No programa de formação continuada o objetivo foi dialogar sobre a inclusão dos alunos com TEA sem fala funcional e refletir, a partir de leituras de artigos científicos sobre as práticas docentes e sobre a eficácia do uso de recursos de CA na aprendizagem e comunicação de alunos com TEA. Para isso, dialogou-se sobre os interesses dos alunos com TEA, a importância da rotina, a organização das atividades didático-pedagógicas, a comunicação alternativa e ampliada (CAA) e o PECS-Adaptado. As professoras foram ensinadas a empregar o PECS-Adaptado (WALTER, 2000) em suas cinco fases. Concomitantemente ao treinamento do PECS-Adaptado, elas foram instruídas a utilizar estratégias naturalísticas de ensino, favorecendo habilidades funcionais, independência e promoção da criatividade dos alunos por meio do uso da CA. Deu-se ênfase ao arranjo ambiental que se caracterizava pela organização física do ambiente, em que os pictogramas (construídos durante a formação) eram colocados próximos ao aluno e representavam os itens de interesse, que estavam sempre dispostos no campo visual deles e fora do alcance. Utilizou-se a estratégia de mando com CA, quando as professoras formulavam perguntas e comentários, além de solicitações, utilizando sempre a fala concomitante com o sistema pictográfico de CA. Ao final de cada encontro foi separado um momento para a realização da autoscopia orientada, que ocorria por meio dos recortes das gravações dos comportamentos comunicativos das interações entre as professoras do AEE e os alunos com TEA.

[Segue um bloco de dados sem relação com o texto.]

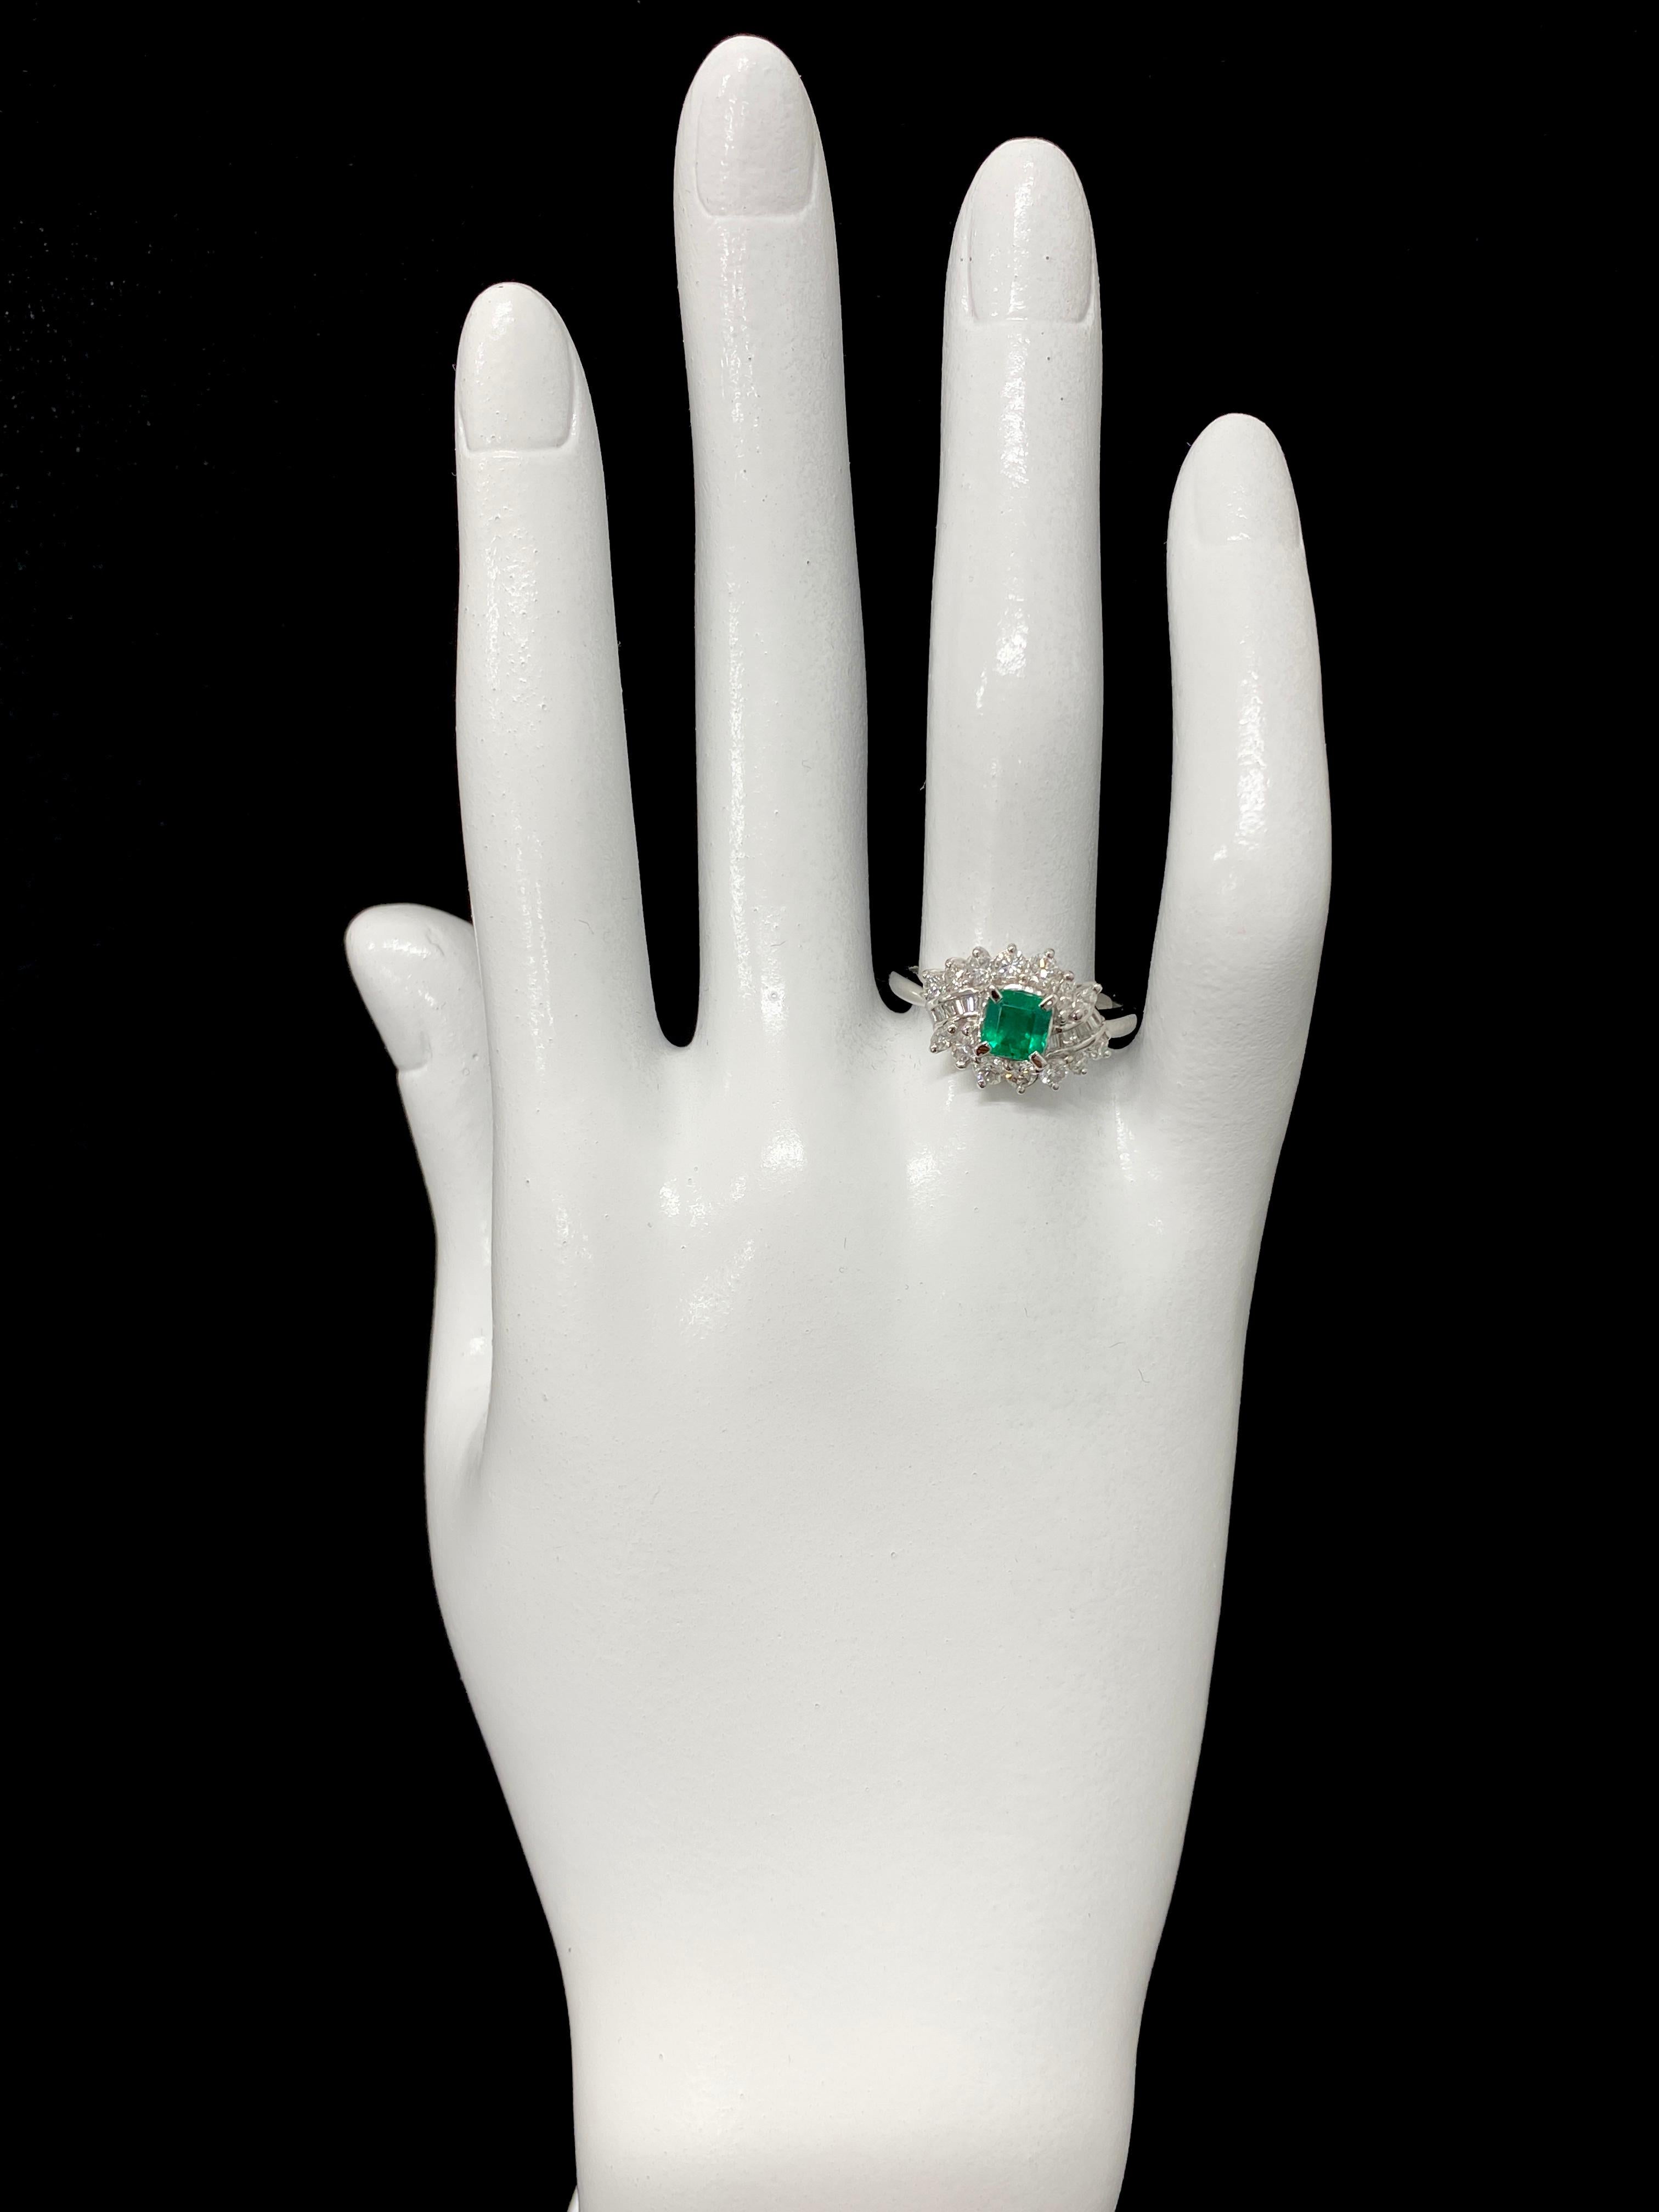 Modern 0.62 Carat Natural Emerald and Diamond Ring Set in Platinum

Os encontros tiveram as seguintes temáticas:

Tabela 1 Datas e temáticas dos encontros 

Datas dos Encontros Temas trabalhados
06/06/2019 Inclusão de alunos com Transtorno do Espectro Autista no contexto escolar (CONCEITOS)
13/06/2019 Inclusão de alunos com Transtorno do Espectro Autista no contexto escolar (ROTINA)
27/06/2019 Comunicação alternativa e ampliada para alunos com TEA no ensino fundamental (CAA e PECS-Adaptado)
11/07/2019 Inclusão de alunos com Transtorno do Espectro Autista no contexto escolar (ATIVIDADES PEDAGÓGICAS)

Fonte: Elaboração das autoras.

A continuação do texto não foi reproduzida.